The largest surrender of U.S. forces ever had led to thousands interred in POW camps all over the Philippines those who survived a barbaric march to the camps, a march their Japanese captors intended to kill them off. Near the end of the war, only a few were left. With U.S. forces back in the islands and rescue imminent, the Japanese had taken to mass murder to get rid of the prisoners. Rangers were sent 30 miles behind enemy lines to save 500 Americans before the Japanese could wipe them out.
Benjamin Bratt is properly stoic as the commander of the force that takes on the job. James Franco is adequate as the brains of the mission, the planner. Joseph Fiennes suffers wanly as the emaciated, malarial commanding officer of the prisoners in the camp.
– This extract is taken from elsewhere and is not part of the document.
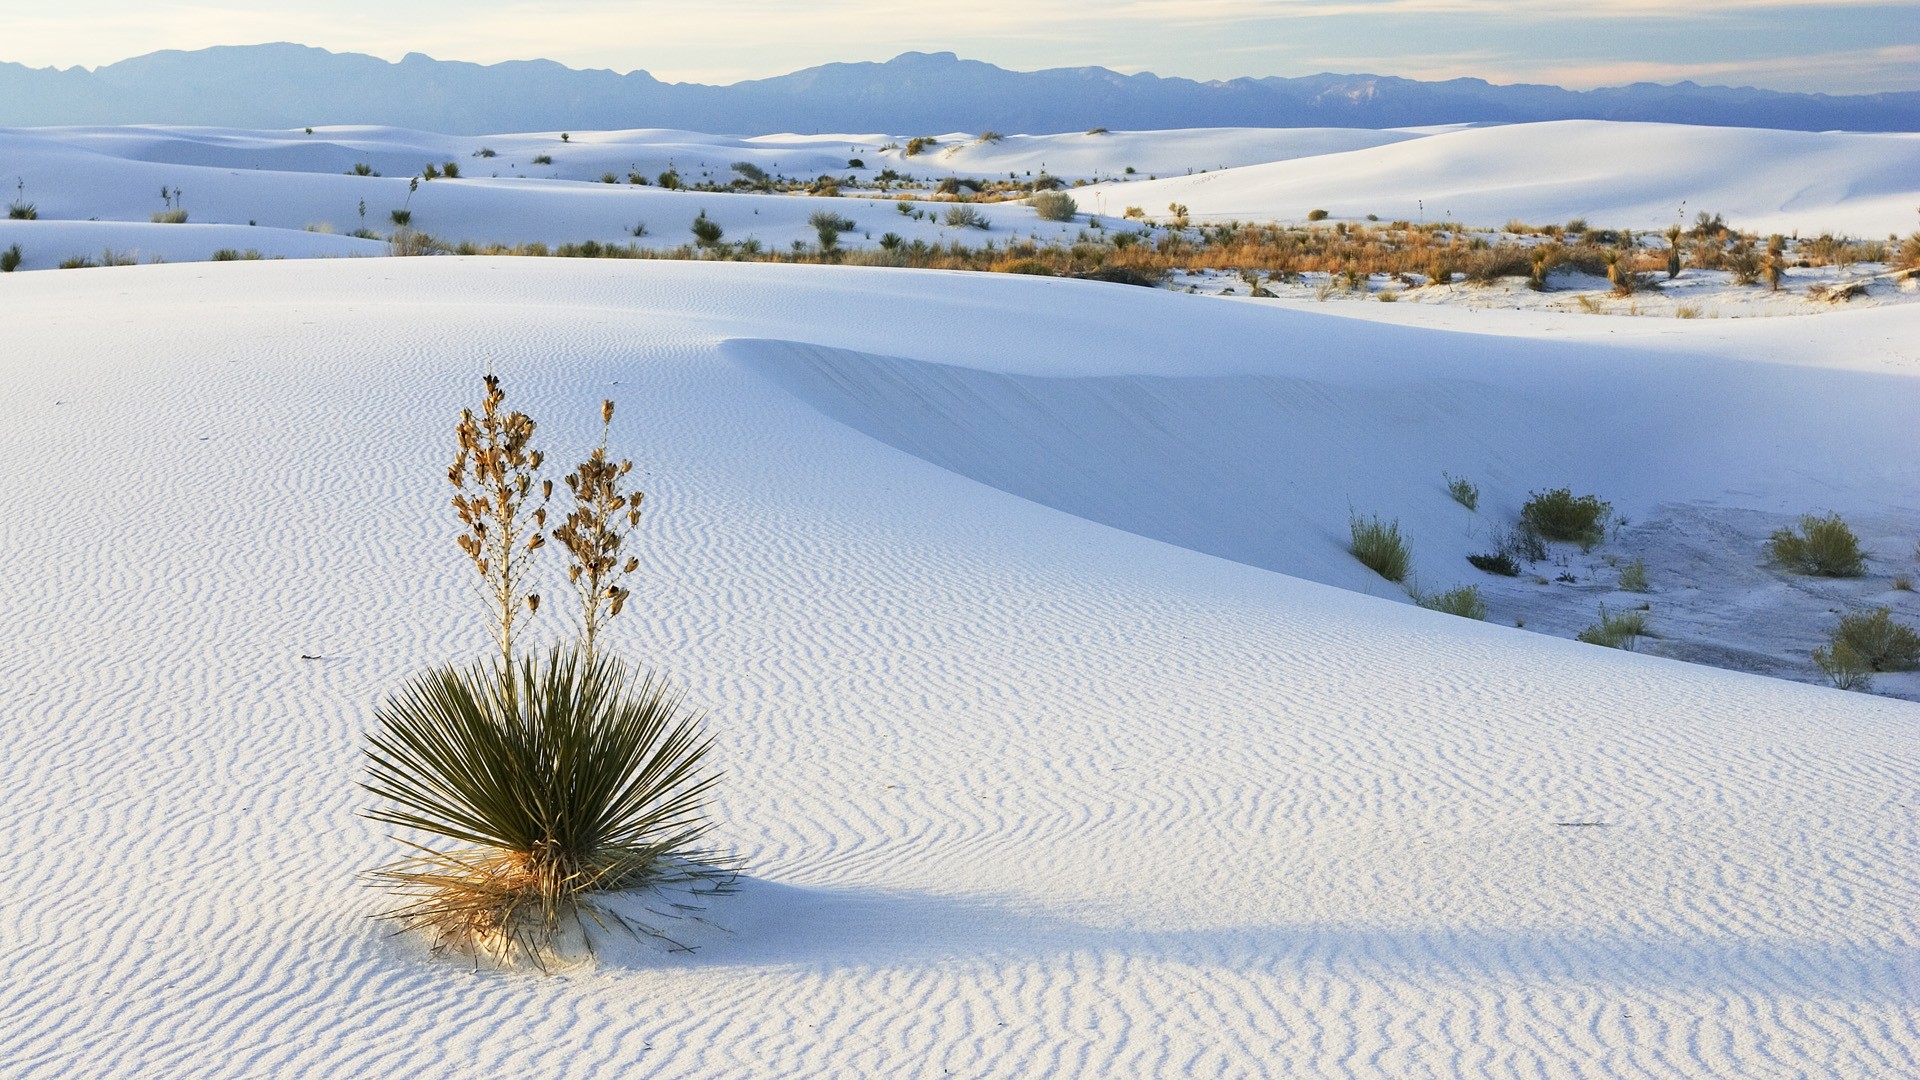 Download mobile wallpaper Desert, Earth for free.
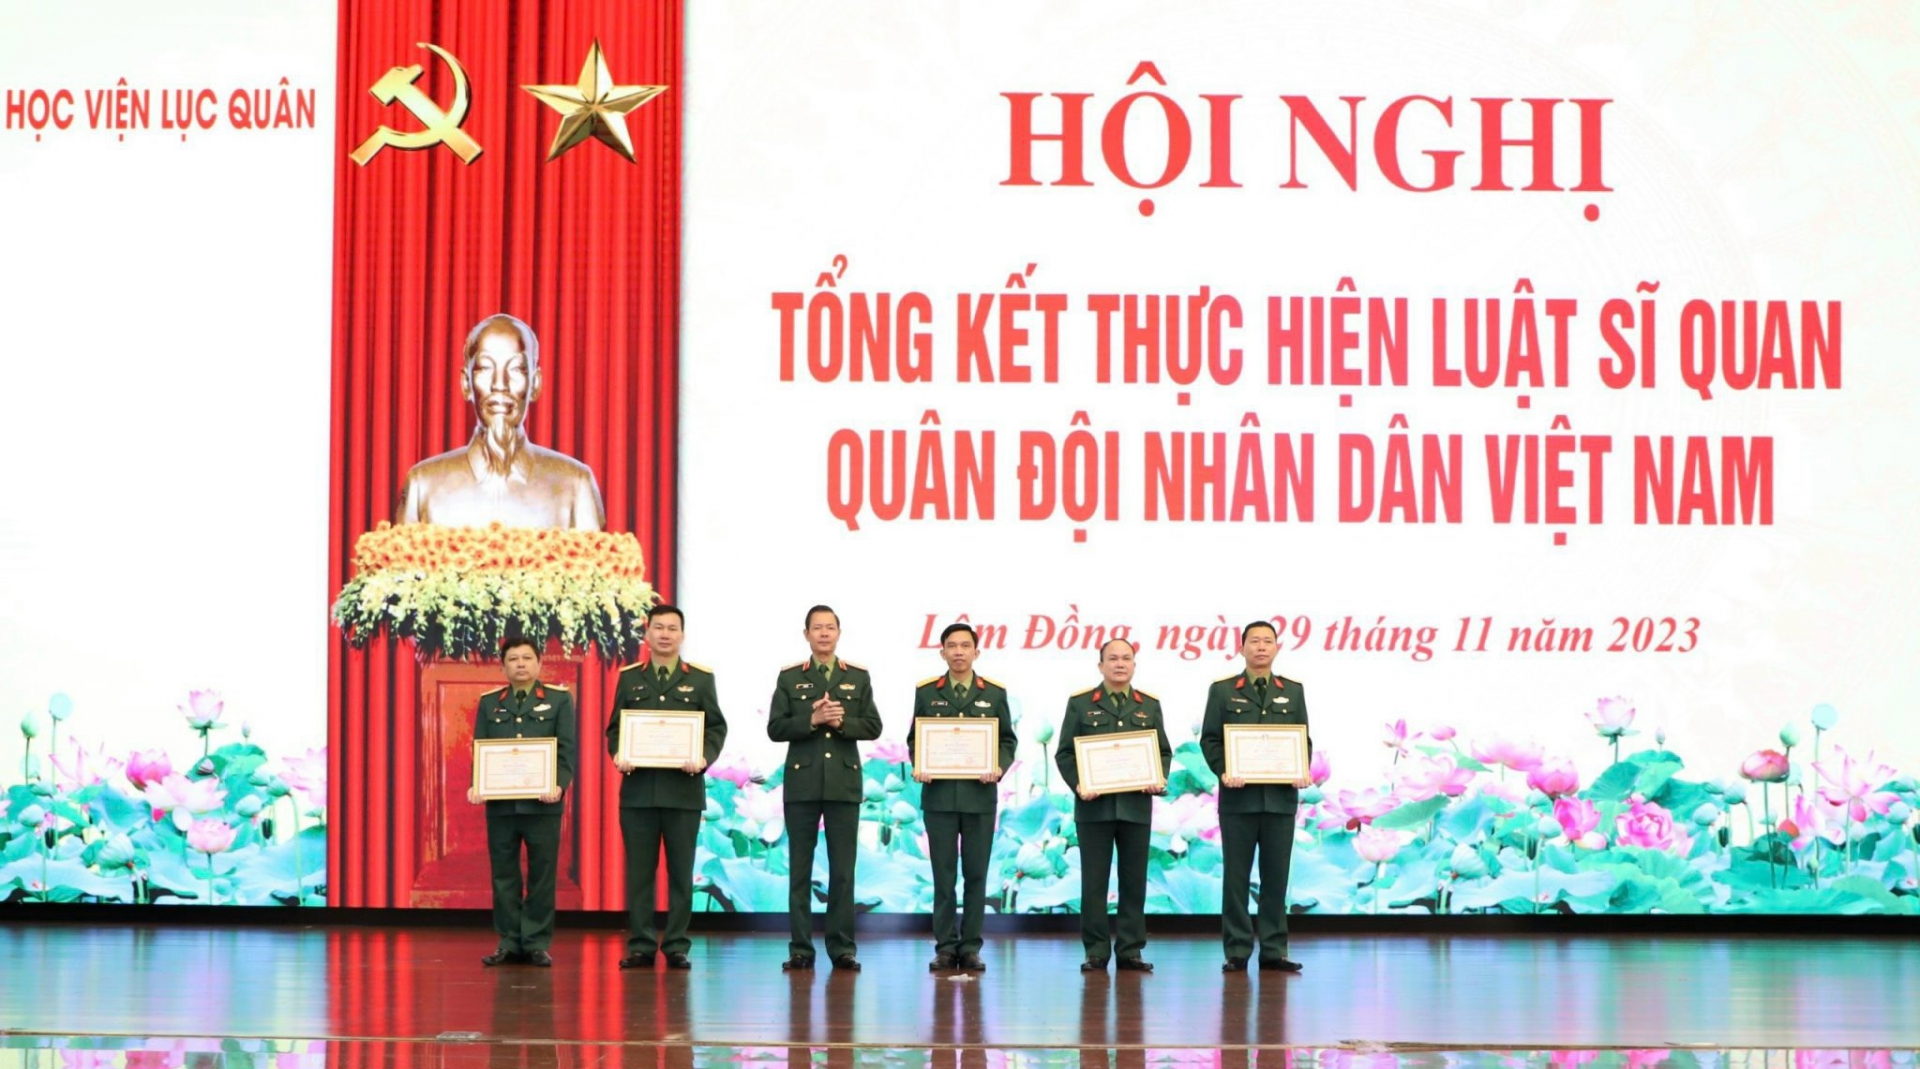 Khen thưởng các tập thể, cá nhân thực hiện tốt Luật Sĩ quan Quân đội Nhân dân Việt Nam

And Connie Nielsen is the American nurse who stayed behind to help run the resistance, right under the noses of the Japanese.
Much of this really happened. But director John Dahl ("Joy Ride") and the screenwriters have conjured up a dreary, old-fashioned "last roundup" of war movie and prisoner-of-war movie cliches, small but forgivable sins. Less forgivable is how Dahl squanders tension for an hour and a half cutting between the suffering prisoners and resistance intrigues in Manila, the long march of the Rangers and a fictionalized romance story that might have made a nice little movie by itself.
Adding that to this grab bag of WWII drama just drags down the whole.
The film is a catalog of atrocities committed by a Z-list of Asian actors.
Bratt lights and re-lights his pipe, makes the odd speech "You're the best-trained, least-proven battalion in this man's Army."
We also get the "Yer not leavin' me behind on this mission, Cap'n" speech, and POWs who spend their hours gossiping over some affair the major (Fiennes) didn't actually have with the nurse running the resistance, played to good effect by Nielsen.
But then there's Franco's callow and off-pitch voice-over narration.
Though the basic facts check out as accurate, the whole enterprise rings false. After all the Vietnam movies that were, in fact, shot in the Philippines, "The Great Raid" gives us a Philippines that looks nothing like the jungled real thing. It was filmed in the part of Australia that looks like South Georgia.
A great story filled with real heroics deserves better than this. The only thing this vestige of the Miramax nameplate proves is that Miramax had no stomach for making a fairly conventional war movie, and neither did Dahl.